**Problem statement:**
Transcribe the line holding "Nike One Women's" together with every line after it, through the end of the records, exactly and with no pictures.

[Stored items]

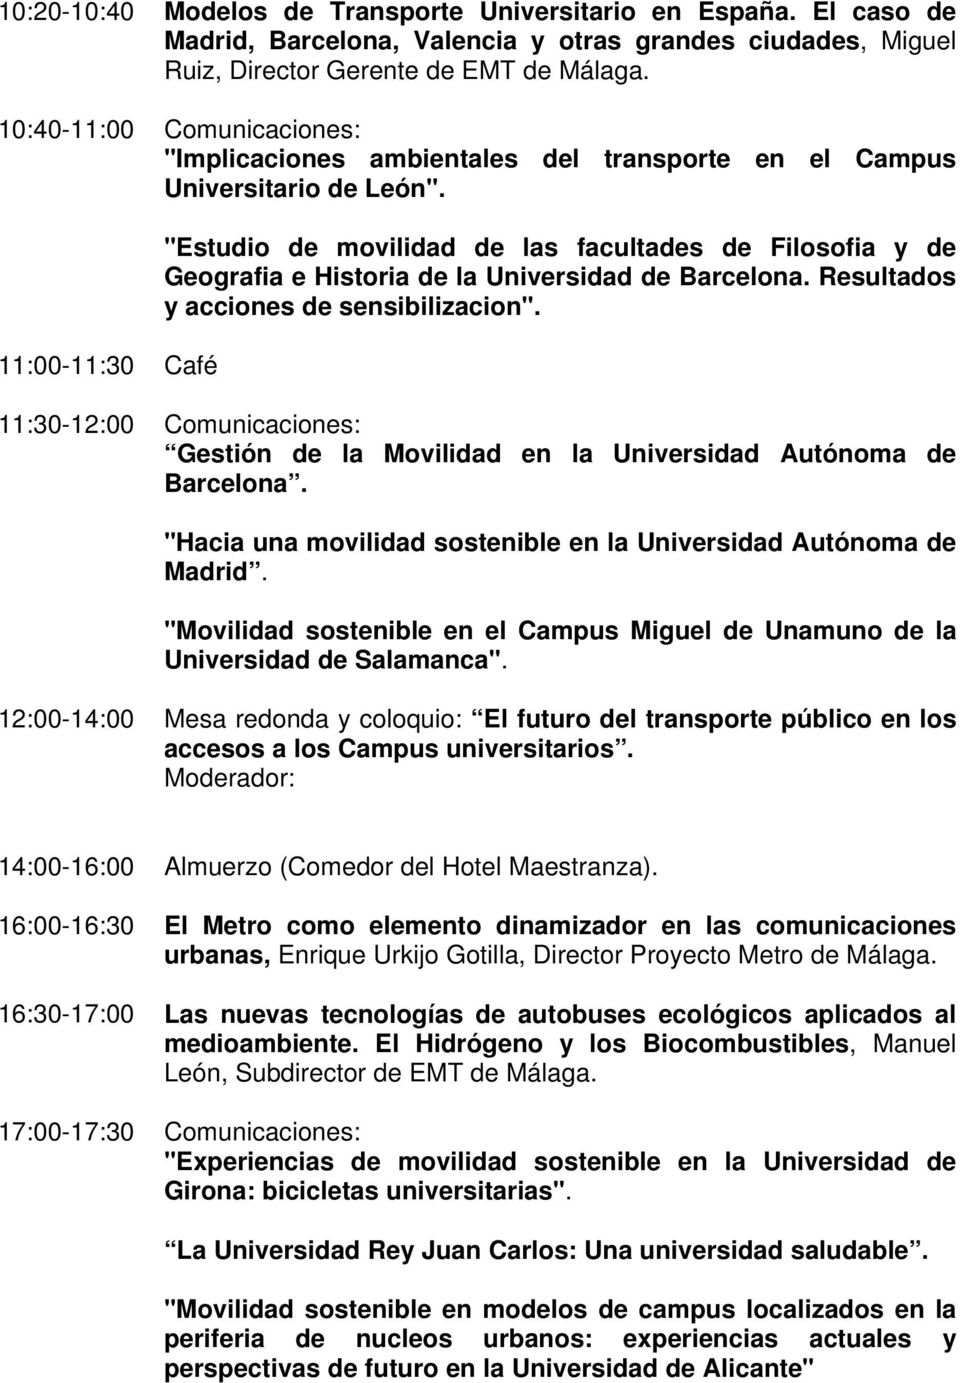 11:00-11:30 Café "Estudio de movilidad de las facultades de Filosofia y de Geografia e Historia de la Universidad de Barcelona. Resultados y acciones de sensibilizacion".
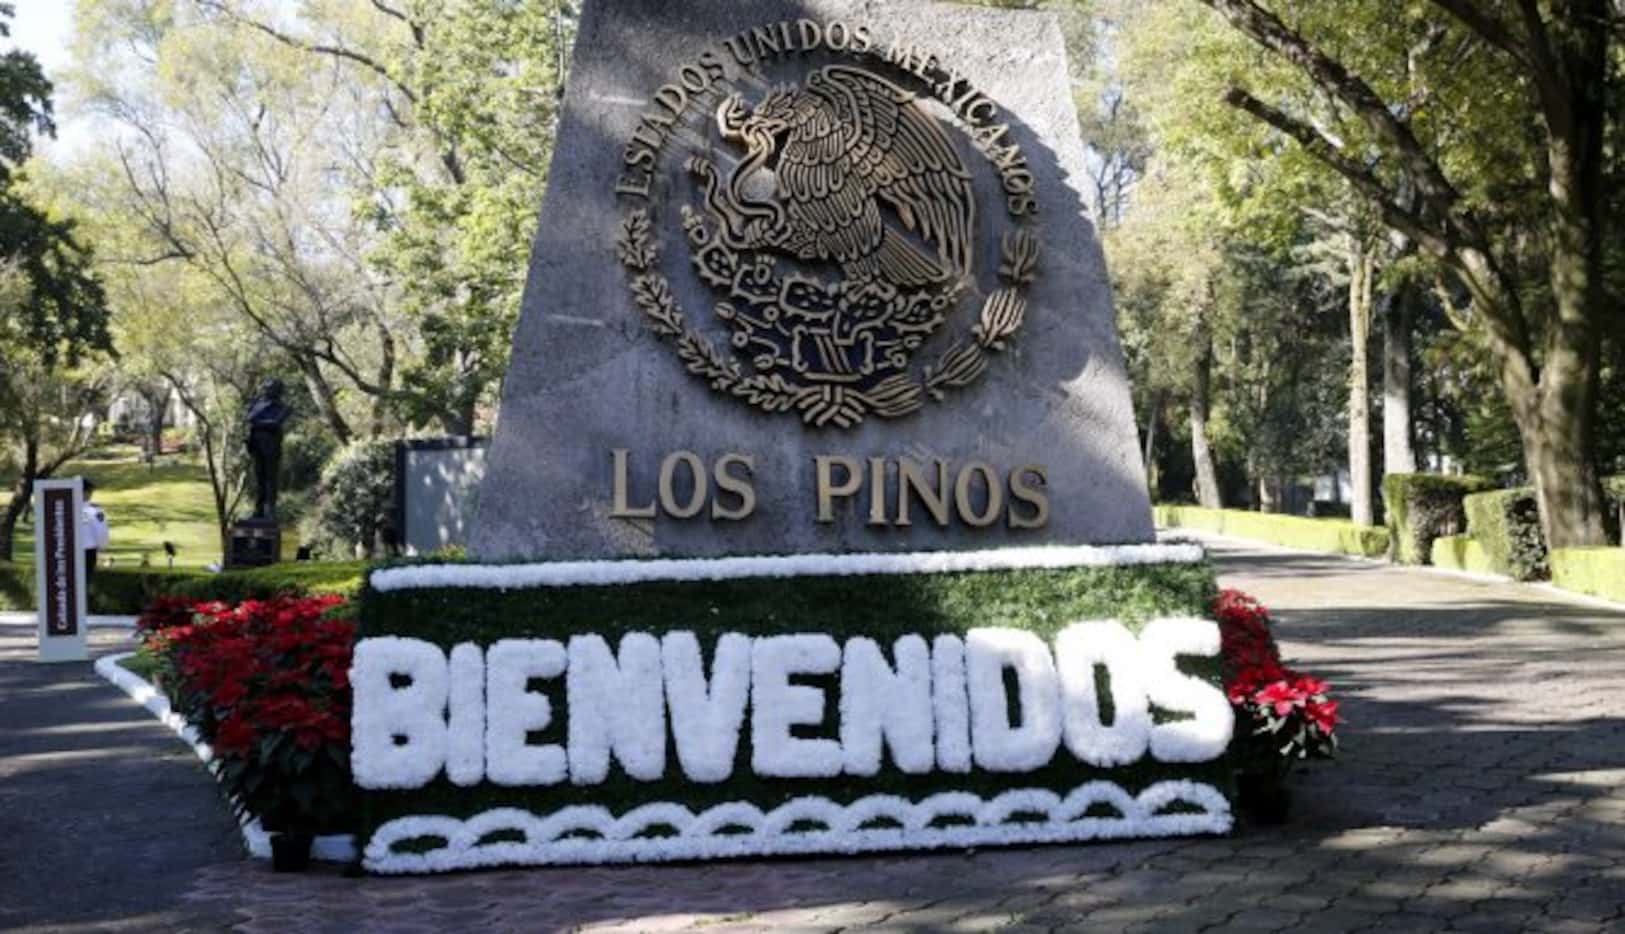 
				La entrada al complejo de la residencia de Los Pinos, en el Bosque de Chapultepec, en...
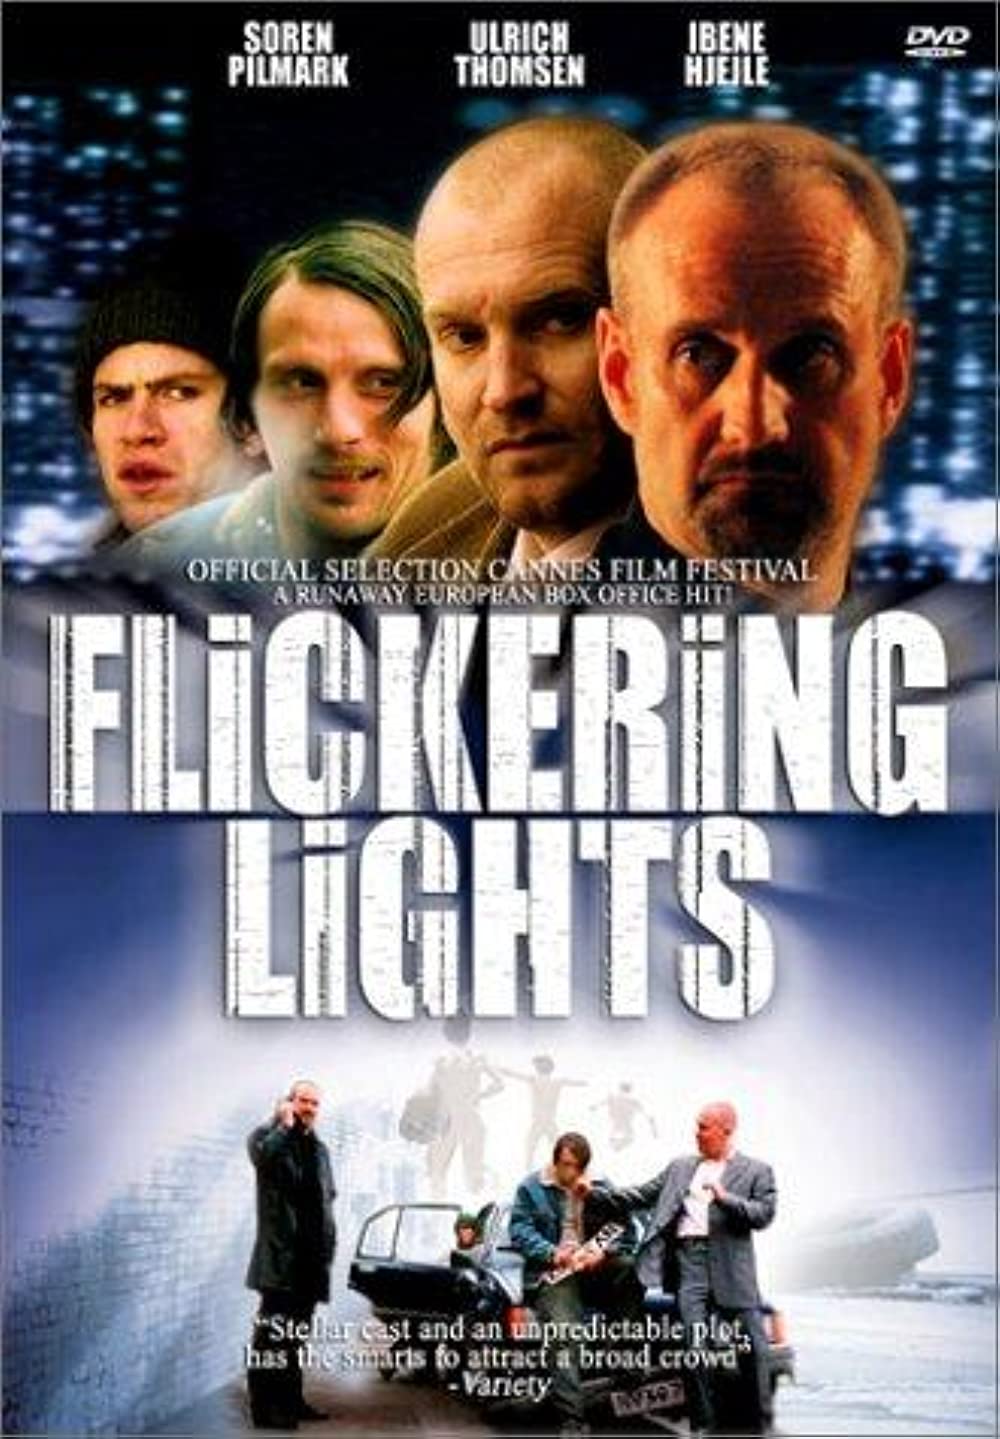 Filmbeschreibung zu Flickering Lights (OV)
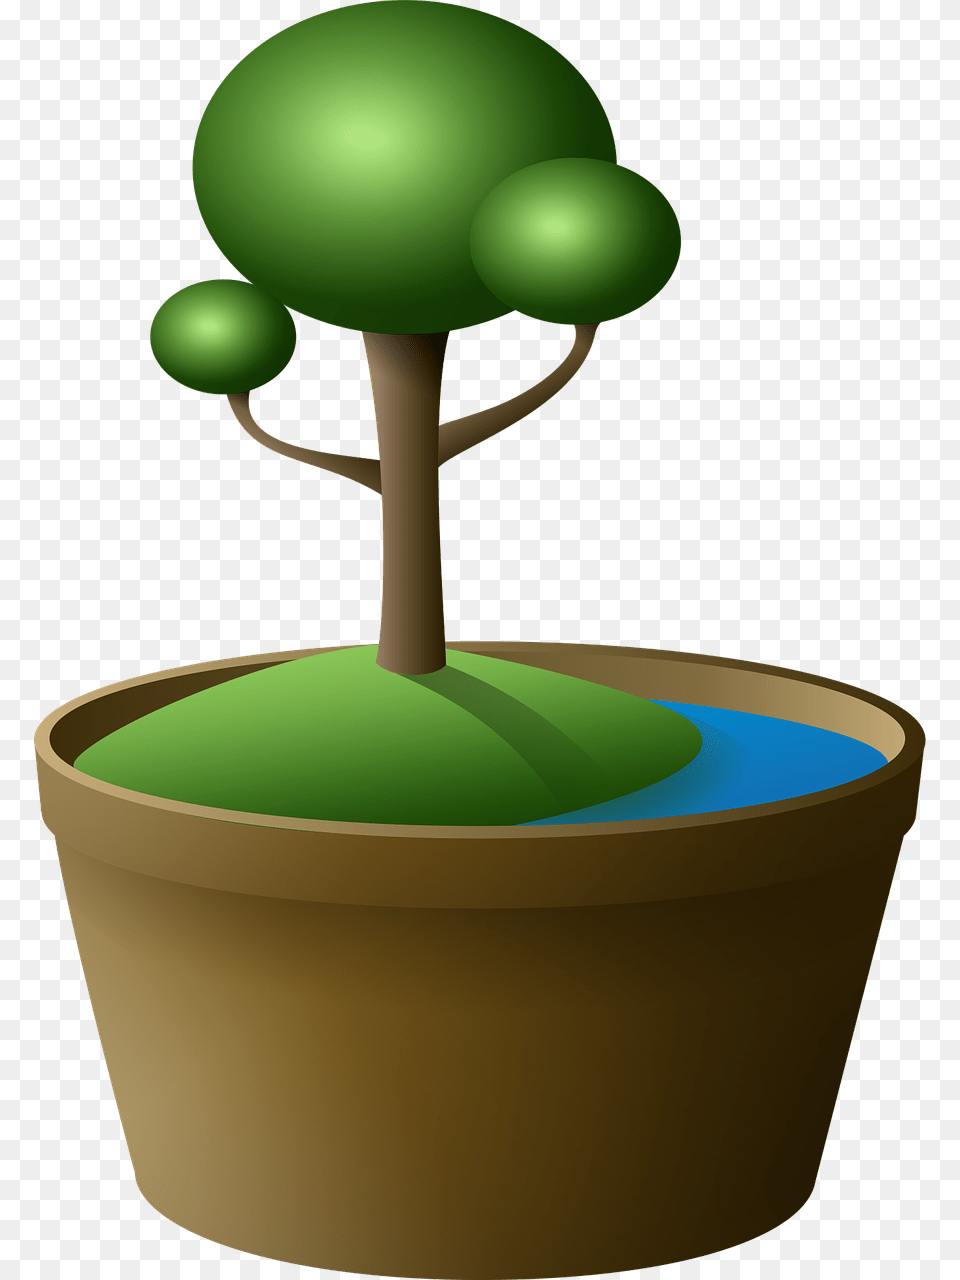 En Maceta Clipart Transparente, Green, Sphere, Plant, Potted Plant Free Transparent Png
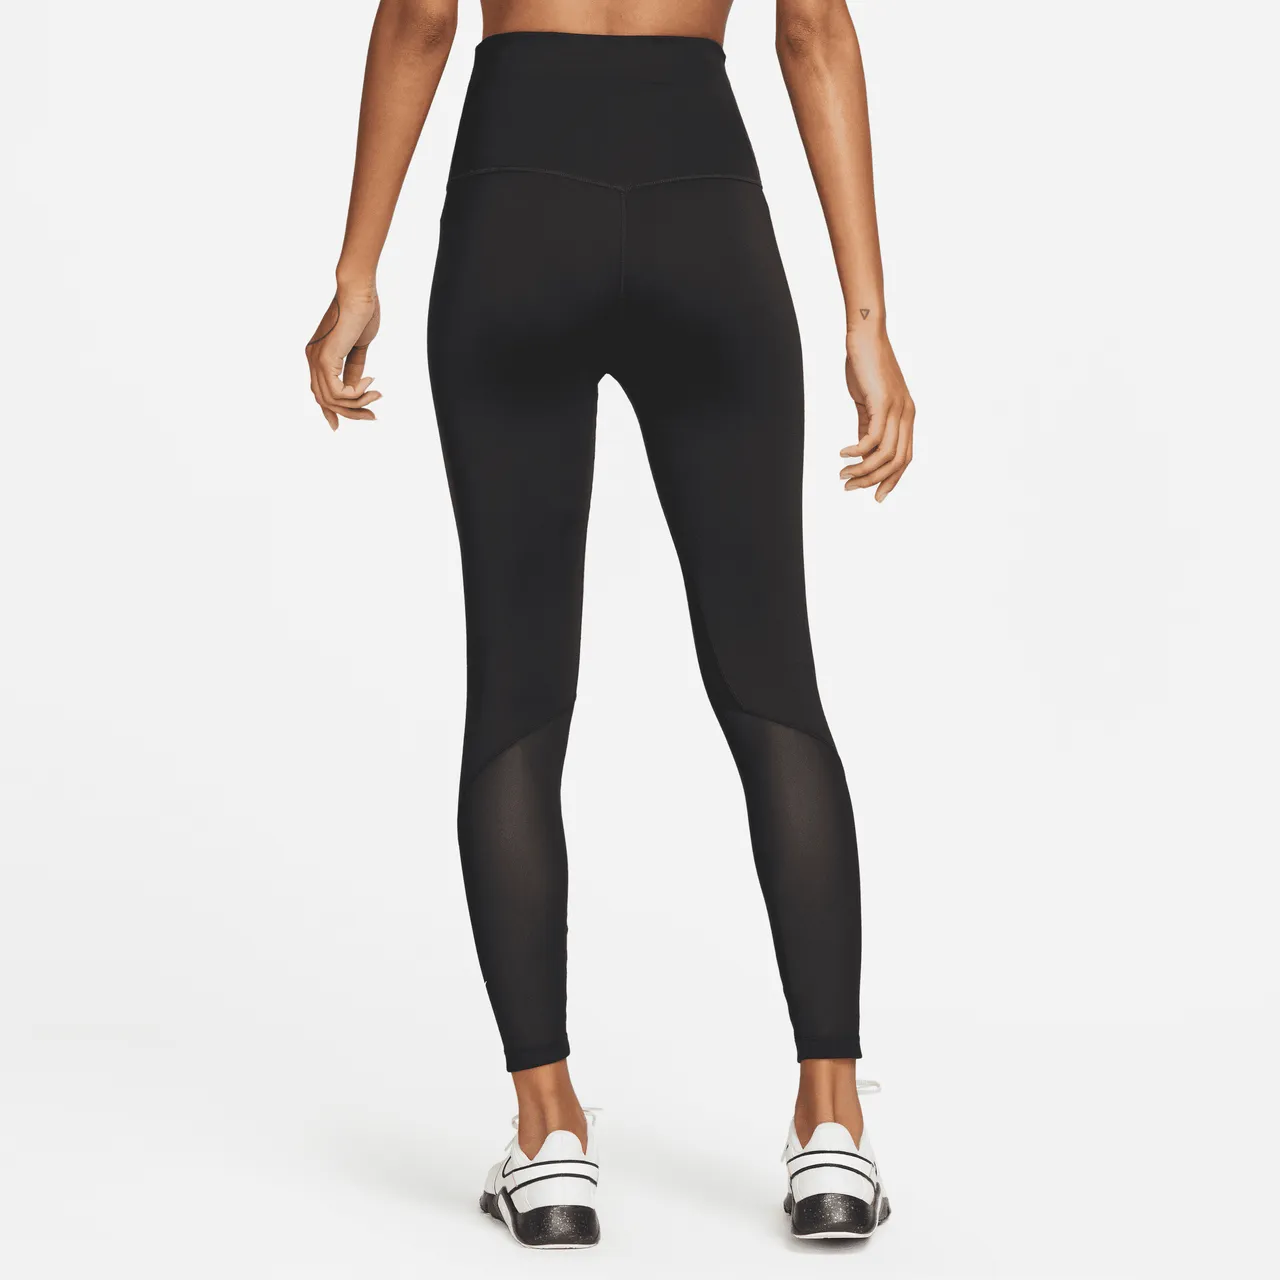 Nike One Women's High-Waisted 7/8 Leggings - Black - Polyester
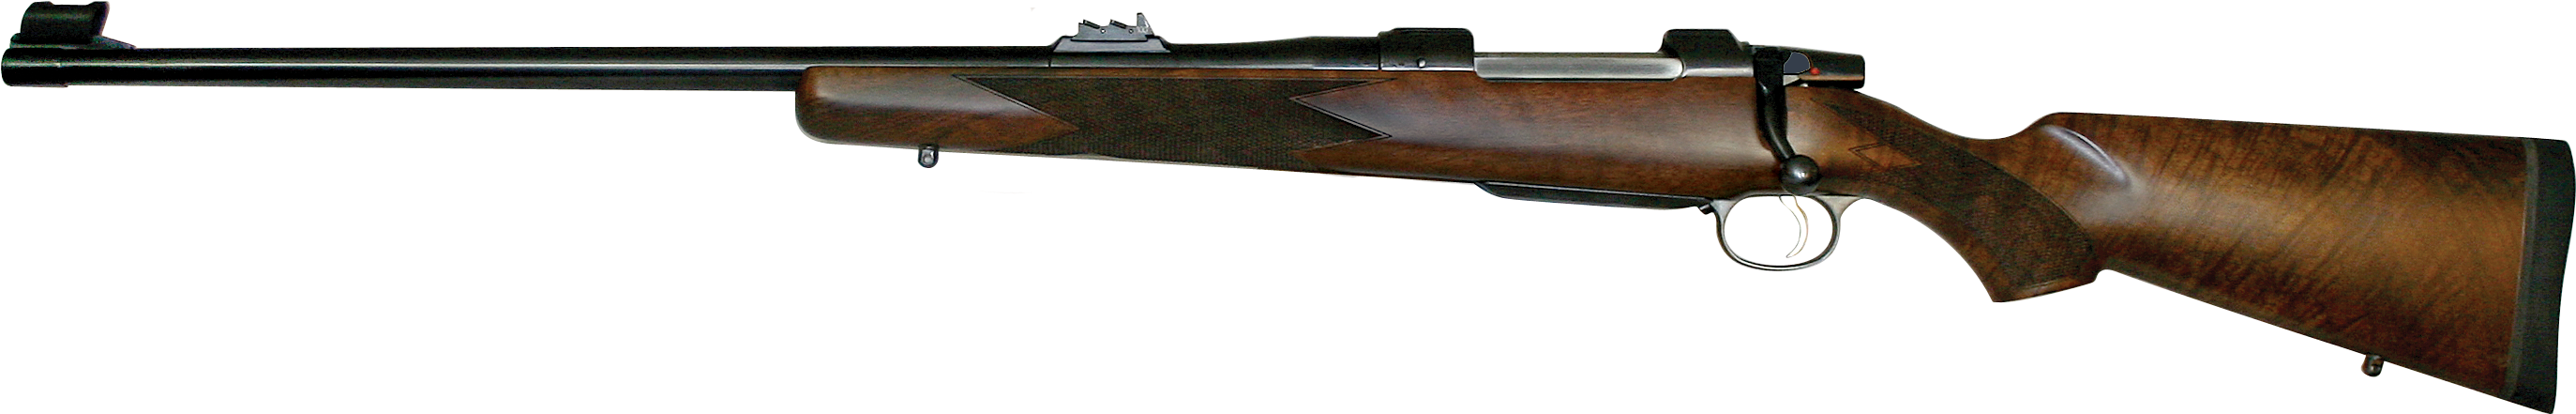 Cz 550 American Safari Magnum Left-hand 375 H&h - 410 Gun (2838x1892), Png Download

**Response to this exercise:**
 Nike One Women's High-Waisted 7/8 Leggings - Black - Polyester
 Cz 550 American Safari Magnum Left-hand 375 H&h - 410 Gun (2838x1892), Png Download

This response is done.